What is required: Quote exactly, and only, the lines of the material below from the line with "vinaja 3/4 sleeve" through the line with "Logo Le cowork".

Data excerpts:
+++
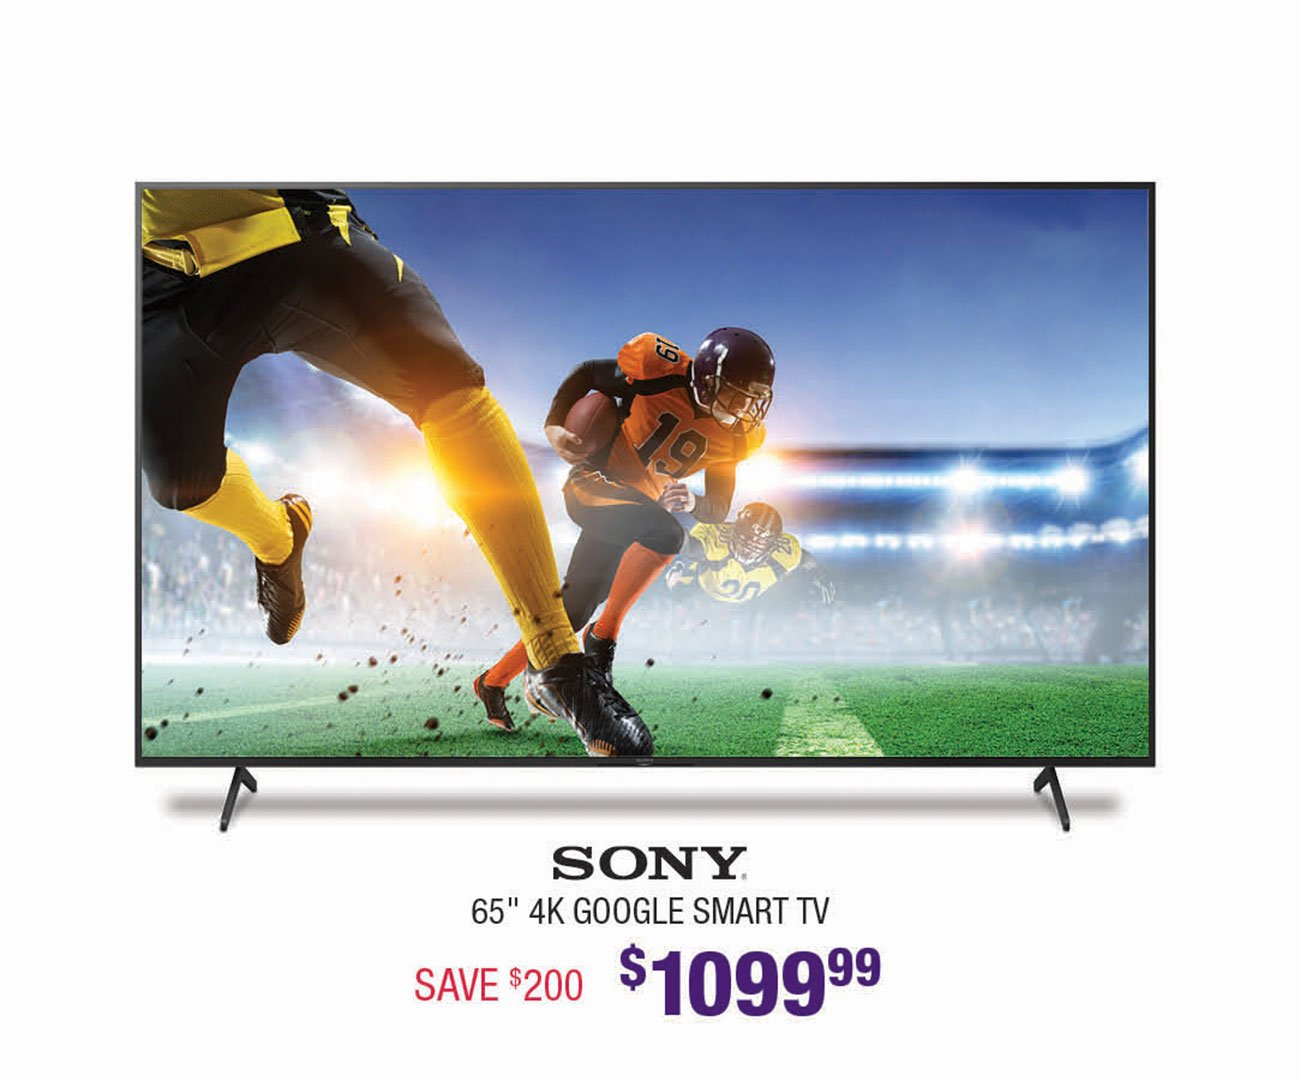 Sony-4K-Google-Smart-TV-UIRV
+++
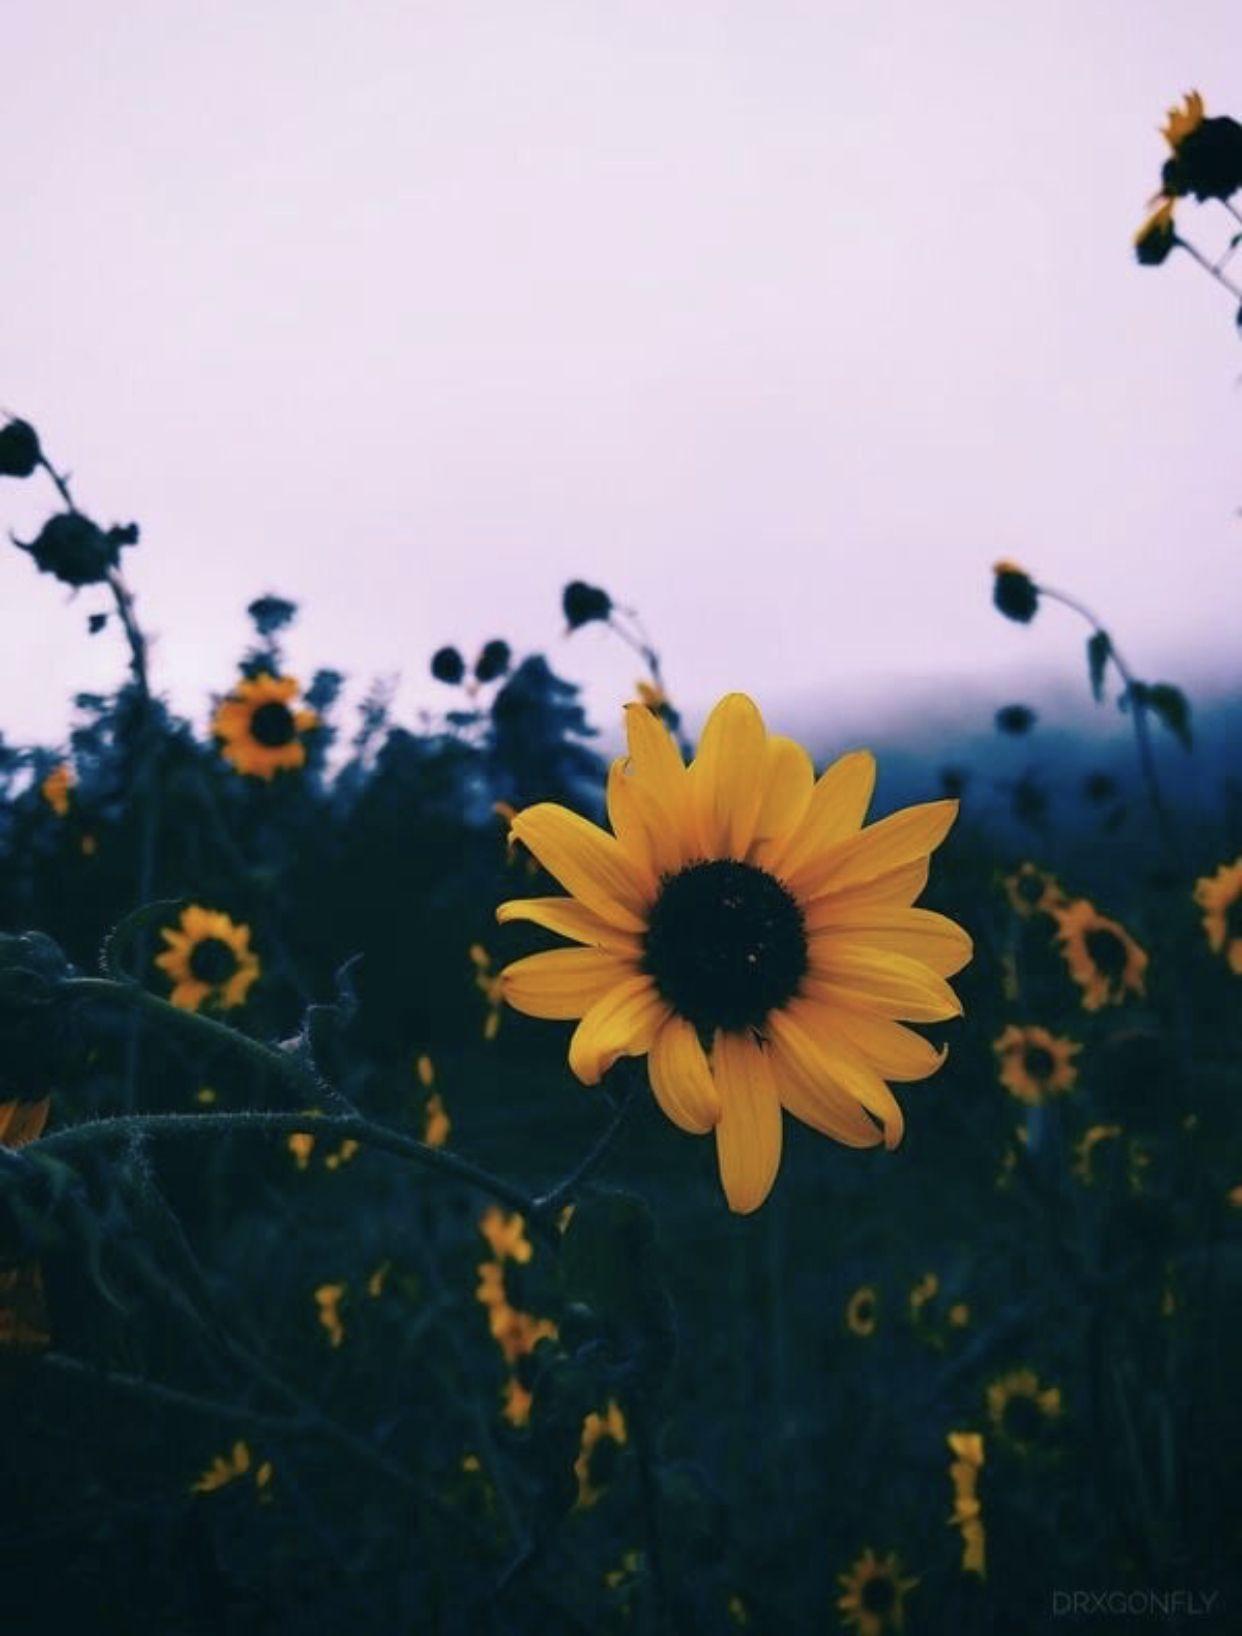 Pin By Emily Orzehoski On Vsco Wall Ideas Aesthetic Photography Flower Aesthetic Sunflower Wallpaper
+++
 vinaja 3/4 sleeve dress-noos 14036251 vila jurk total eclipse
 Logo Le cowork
+++
Task solution:
 vinaja 3/4 sleeve dress-noos 14036251 vila jurk total eclipse
 Logo Le cowork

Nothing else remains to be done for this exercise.